🤖 AI Summary
Existing Transformer-based spiking neural networks (SNNs) suffer from the loss of local features due to max pooling and high computational redundancy in global self-attention, both of which contradict the inherent sparsity and energy efficiency of SNNs. To address these limitations, this work proposes LSFormer, the first Transformer-based SNN architecture incorporating a local dilated window mechanism. LSFormer integrates spike-aware pooling (SPooling) with a locality-structure-aware spiking self-attention (LS-SSA) module, effectively capturing both fine-grained local details and long-range dependencies while preserving network sparsity. The proposed method achieves state-of-the-art performance on benchmark datasets, surpassing the current best approaches by 4.3% and 8.6% in Top-1 accuracy on Tiny-ImageNet and N-CALTECH101, respectively.
📝 Abstract
Transformer-based Spiking Neural Networks (SNNs) integrate SNNs with global self-attention and have demonstrated impressive performance. However, existing Transformer-based SNNs suffer from two fundamental limitations. First, they typically employ max pooling layers to reduce the size of feature maps, but the max pooling captures only the strongest response and fails to comprehensively preserve representative regional features.
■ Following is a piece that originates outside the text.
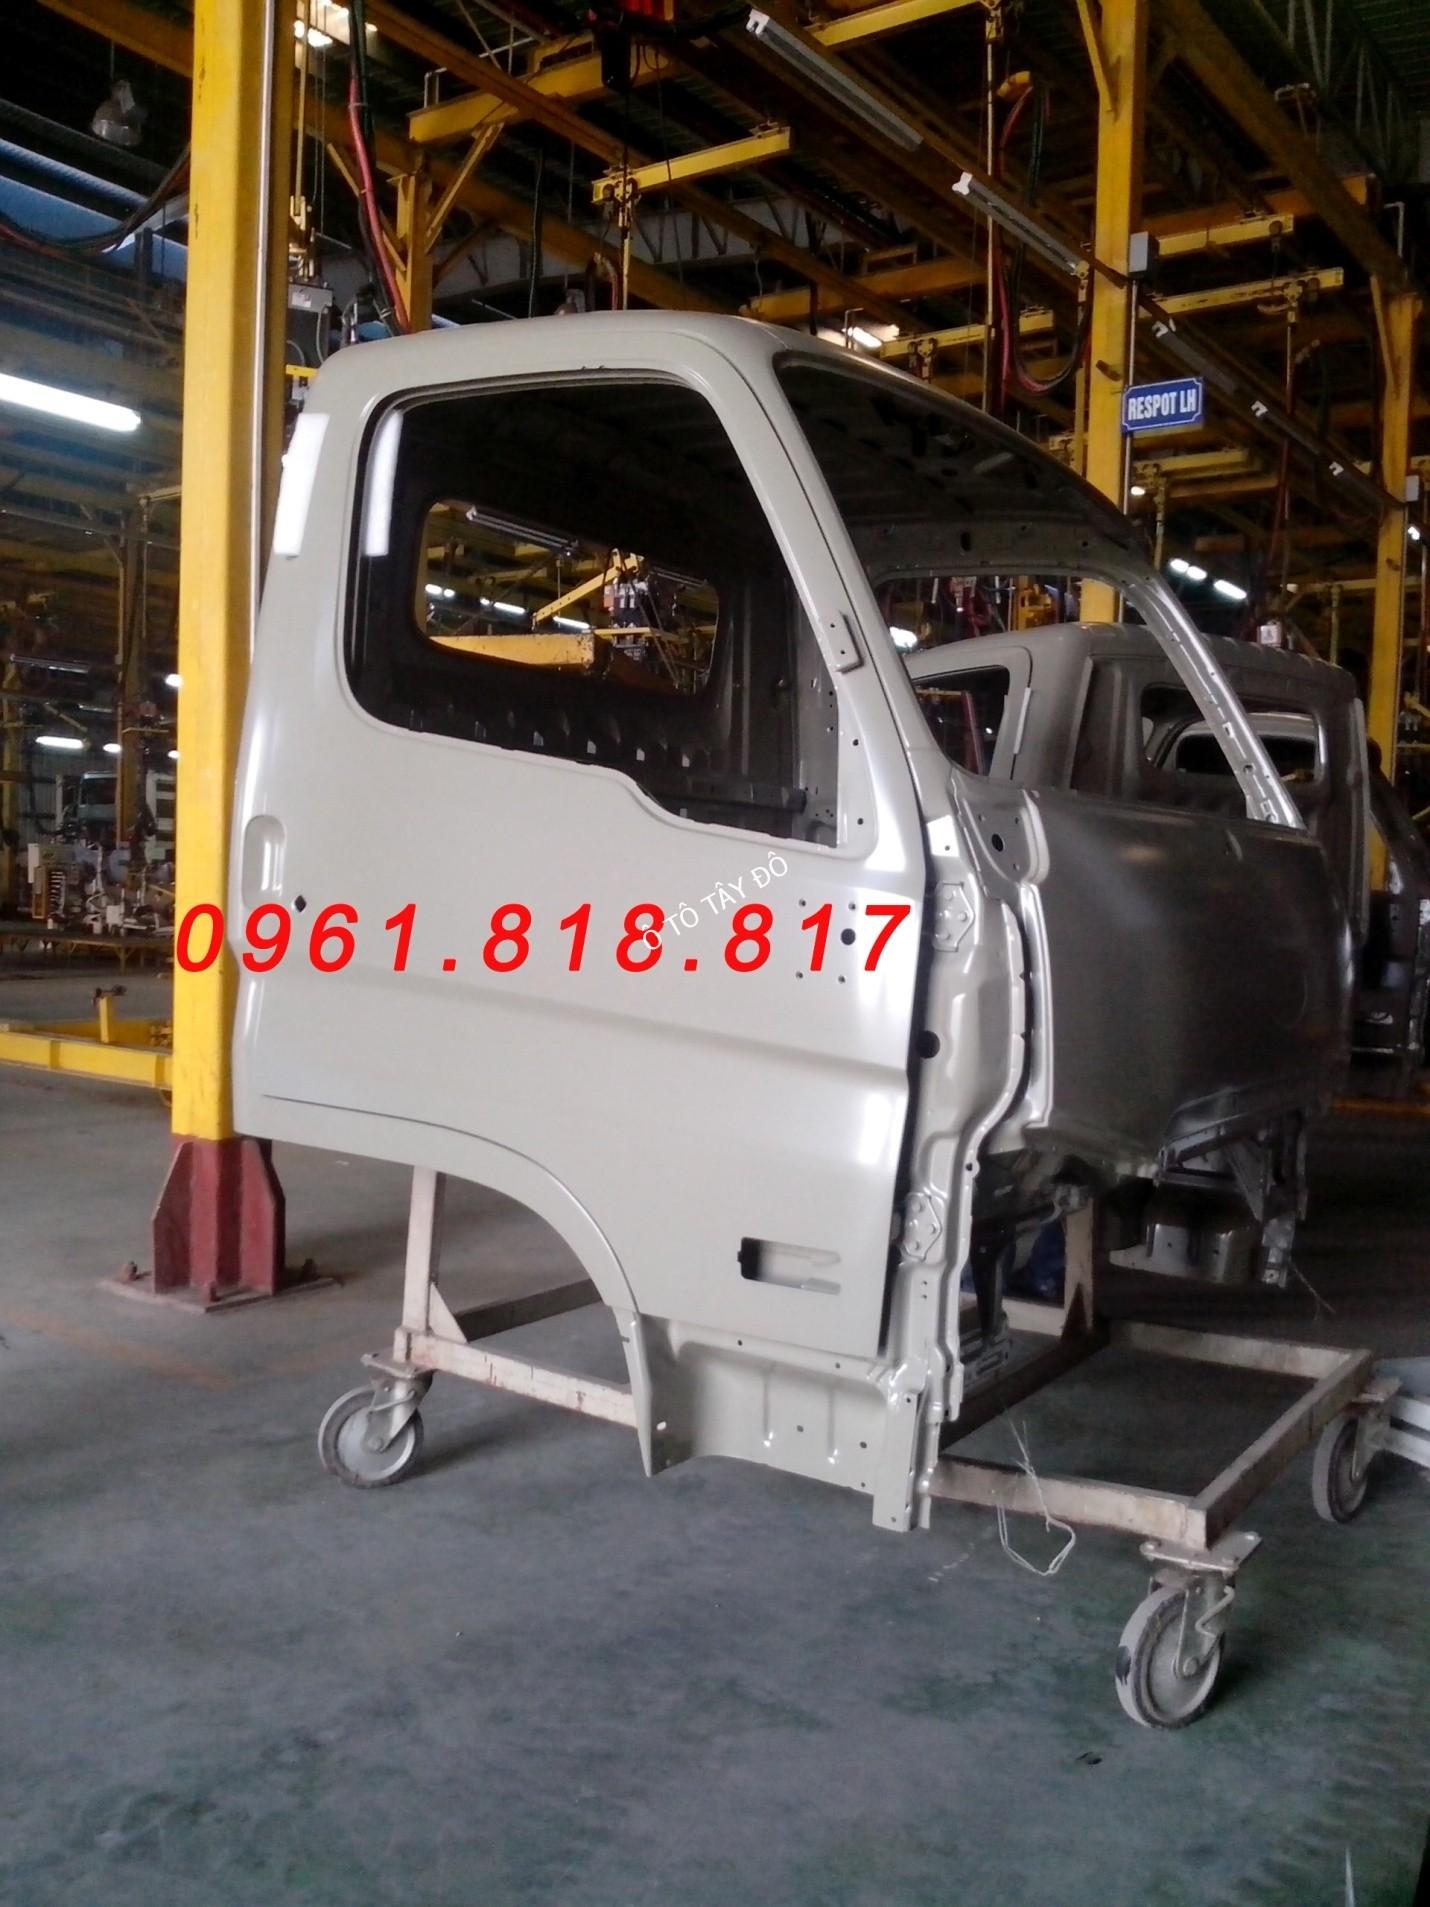 HD700 ĐỒNG VÀNG 8,3 TẤN. Giá xe Hyundai CKD HD600, HD700, HD800, Hyundai chính hãng 5 7 8 tấn. Giá cực tốt, xe giao ngay Ảnh số 40274261

Second, the global self-attention involves all global feature interactions, resulting in computational redundancy and quadratic computational complexity, thus conflicting with the sparse and energy-efficient characteristics of SNNs. To address these challenges, we develop Local Structure-Aware Spiking Transformer (LSFormer), a novel Transformer-based Spiking Neural Network that incorporates Spiking Response Pooling (SPooling) and Local Structure-Aware Spiking Self-Attention (LS-SSA). For the first time, our LSFormer leverages a local dilated window mechanism to capture both local details and long-range dependencies. Experimental results demonstrate that our LSFormer achieves state-of-the-art performance compared to existing advanced Transformer-based SNNs. Notably, on the more challenging static dataset Tiny-ImageNet and neuromorphic dataset N-CALTECH101, LSFormer substantially outperforms state-of-the-art baselines by 4.3\% and 8.6\% in top-1 classification accuracy, respectively. These results highlight the potential of LSFormer to advance energy-efficient spiking models toward practical deployment in large-scale vision applications.